This said, even with contemporary technology, flat roofs aren’t easy to design with success. If the fundamental job of a roof is to cover a space and prevent water from seeping inside, then the simplest and most elemental roofing design would be heavily slanted. That’s why flat roofs — which are actually slightly pitched — must be detailed and constructed with the utmost precision. Here’s how to do it.

Hufft Projects designed Baulinder Haus in reference to Marcel Breuer’s Snower House in Kansas City; photo via Hufft Projects

Cold or Warm?

First, you have to determine how shallow a slope you can get away with. Flat roofs are typically designed with a pitch of 10 degrees or less. According to the International Code Council, the minimum slope for water runoff is ¼ inch per 12 inches. Some local codes take it a step further allowing a slope of only ⅛ of an inch per foot. When detailing construction documents, it’s imperative that architects specify the exact pitch of their roof design.

Second, you must be aware of the two classifications for flat roof constructions: cold and warm. These types are based on the positioning of the thermal insulation. To keep the interior dry and unaffected by the elements, the warm deck roof method is usually recommended over the cold.
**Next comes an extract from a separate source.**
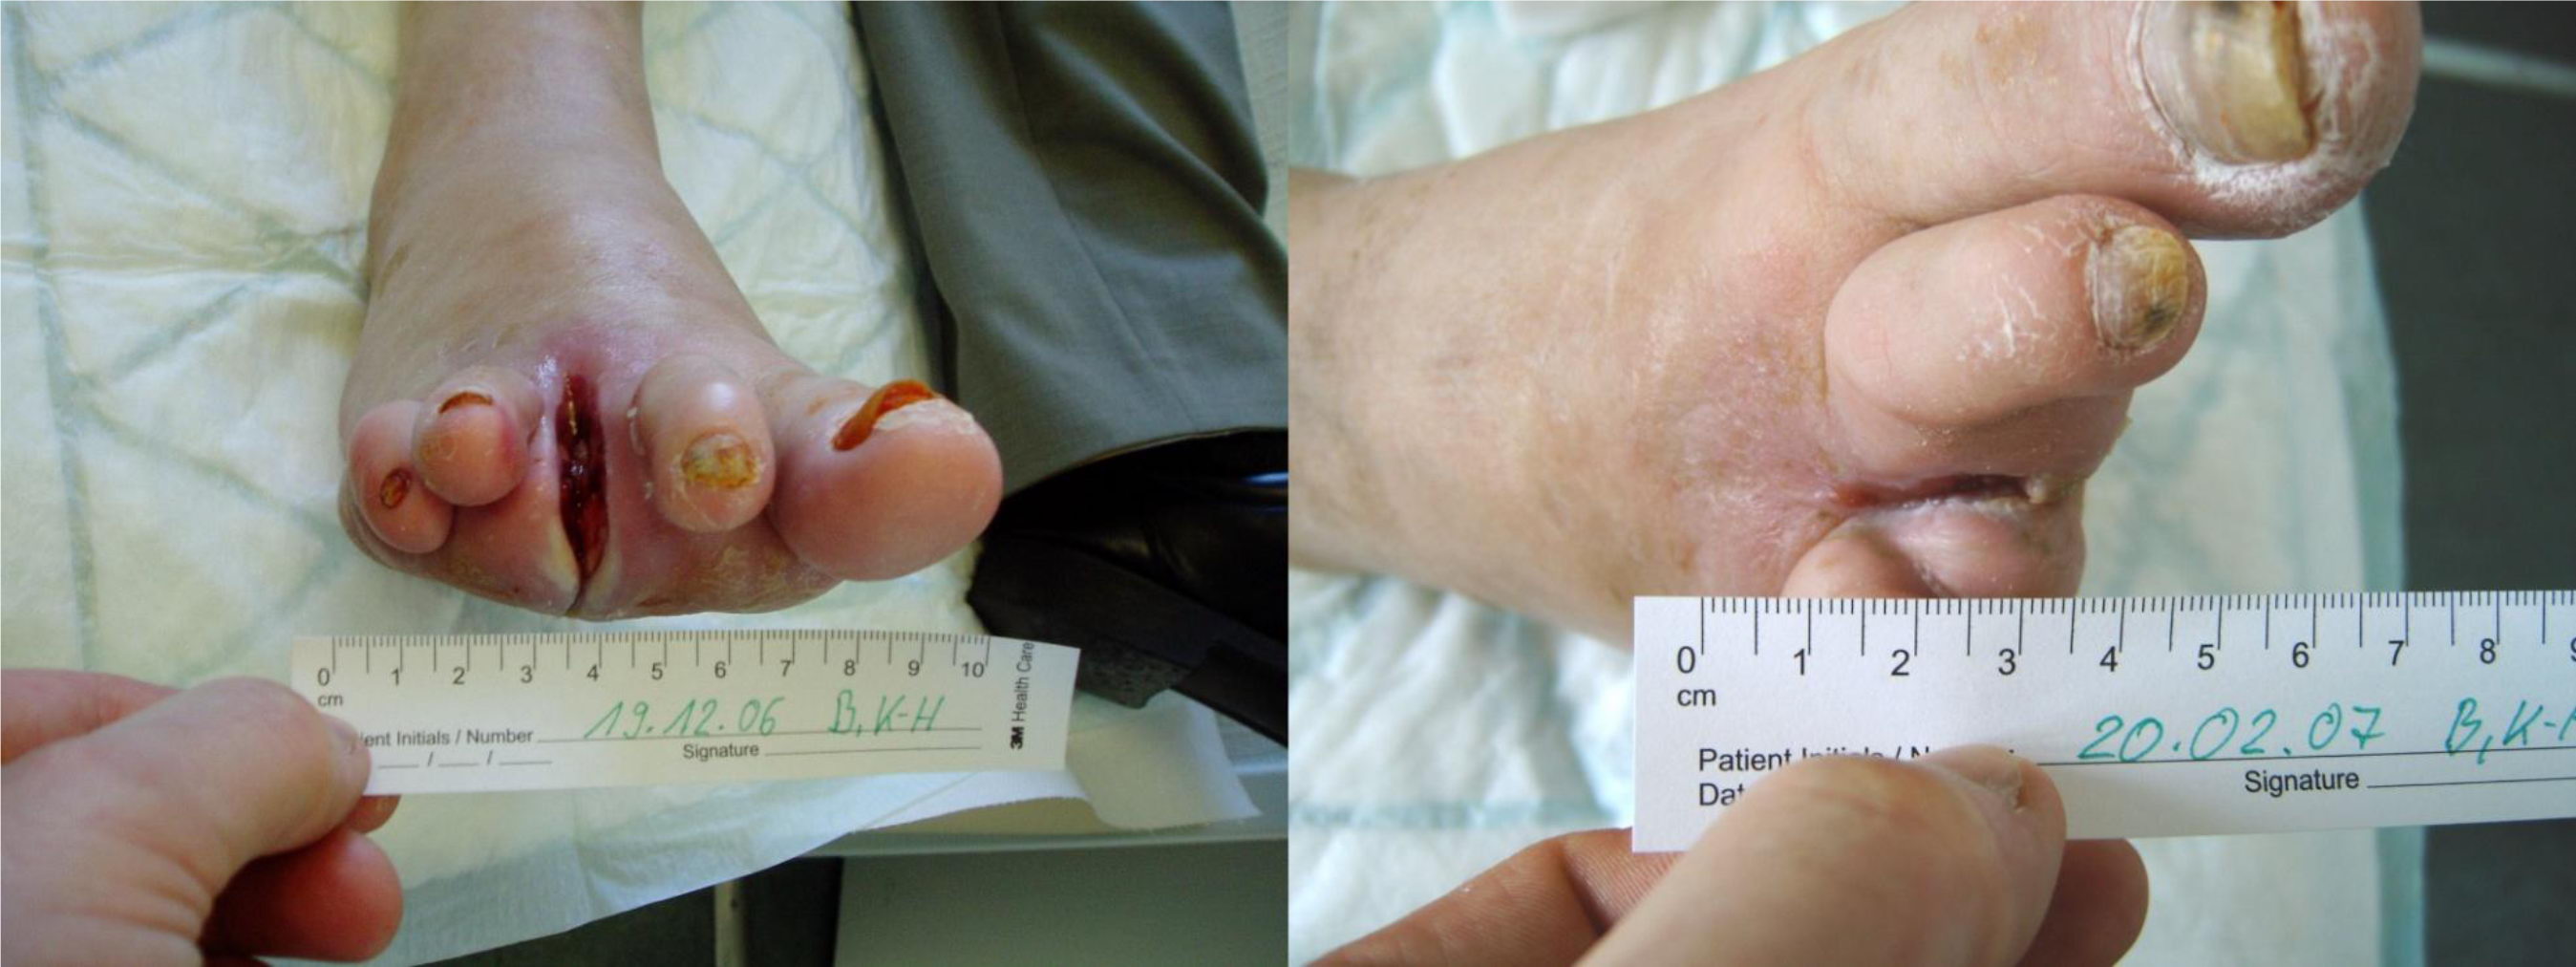 diabetic foot swiss medica stem cells clinic treatment

Typical details for a “warm” flat roof (U.K.); drawing via BuildingRegs4Plans

To put together a warm deck roof, it’s important that the insulation be positioned above the structural deck — the layers that make up the ceiling. Zero ventilation space is required, and the construction appears stacked and compact. Above the insulation, a bitumen felt underlayment is torched on to shed water and protect the materials below. This is known as a warm-deck sandwich roof. An inverted warm deck roof can also be installed in which the insulation boards are set on top of the structural deck and waterproof membrane.

The warm deck method keeps the roof deck and its various components at nearly the same temperature as the building’s interior throughout the year. It also adds protection against condensation from the room below as any moisture vapor gravitates upward into the roof’s structure.
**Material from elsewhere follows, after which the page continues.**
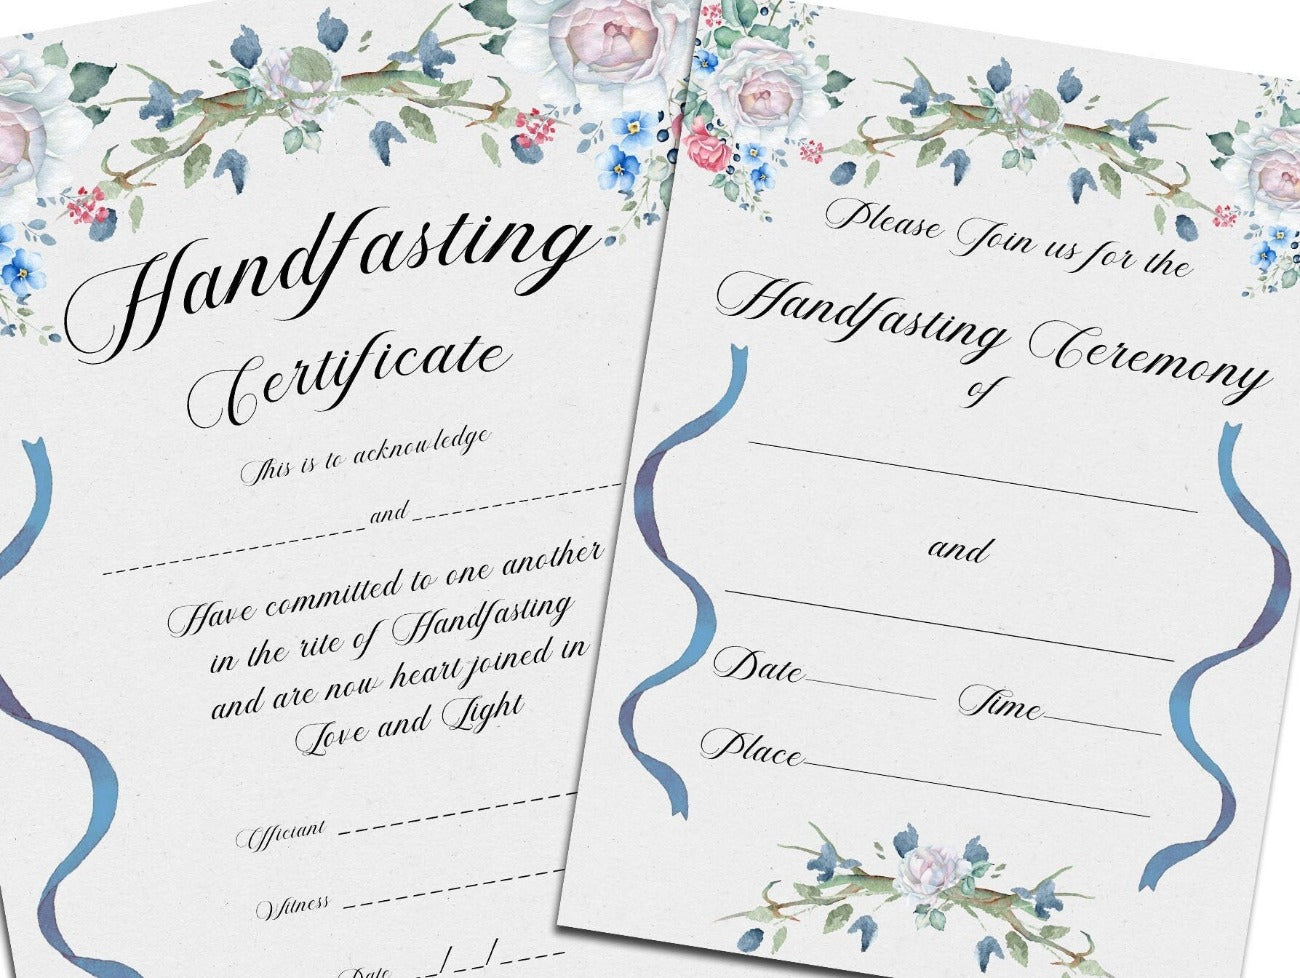 ELEGANT HANDFASTING Certificate and Invitation, Printable Instant Download- Morgana Magick Spell

Typical details for a “cold” flat roof (U.K.); drawing via BuildingRegs4Plans

The cold flat roof method, however, creates space for ventilation in the form of massive air gaps above the insulation and in between the structural joists and the structural deck. This method is often problematic because it leaves room for the heat of the sun to damage the structural elements because they’re not protected by insulation.

Making It Last

Once you decide which classification is best for your project, you should carefully assess the performance requirements for each element within the roof deck. This may vary depending on climate, expected fluctuations in temperature and typical weather conditions. Regardless of your location, the key to flat roofs is a sound installation process and — even more importantly — the quality and longevity of the waterproof membrane, which commonly takes the form of bitumen felt.

Even the secret to the success of green roofs — which provide an added natural barrier atop the roof’s structural components — is the strength and durability of the waterproof membrane beneath the soil. The green roof simply further protects the membrane from damaging ultraviolet rays and heavy rain over the passage of time.
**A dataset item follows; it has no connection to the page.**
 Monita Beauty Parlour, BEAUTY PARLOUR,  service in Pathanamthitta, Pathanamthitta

A typical, flat green roof build-up

Sky Garden House by Guz Architects

We’re just scraping the surface — or peeling back a few layers — of flat roof construction here. We could talk further about integrating tapered roof insulation, the best practices for sealing penetrations or the specifics behind accounting for snow loads. But the takeaway here is that creating a flat roof requires awareness of not only the context and climate you’re building in — it also demands you build knowledge of the process of detailing it for construction.

It doesn’t matter if you’re building a big-box department store in rainy Seattle, a Modernist retreat in sunny Southern California or a ski resort in Aspen, 21st-century flat roofs extend beyond residential design and encompass a wide variety of typologies in different locales. No piece of architecture is naturally resistant to weather, and it’s the architect’s job to make sure a design is equipped with the high-performances materials and considered details it needs to protect the people that inhabit it.

Top image: Mies van der Rohe’s Farnsworth House by Max Gooday

Architects: Want to have your project featured? Showcase your work through Architizer and sign up for our inspirational newsletters.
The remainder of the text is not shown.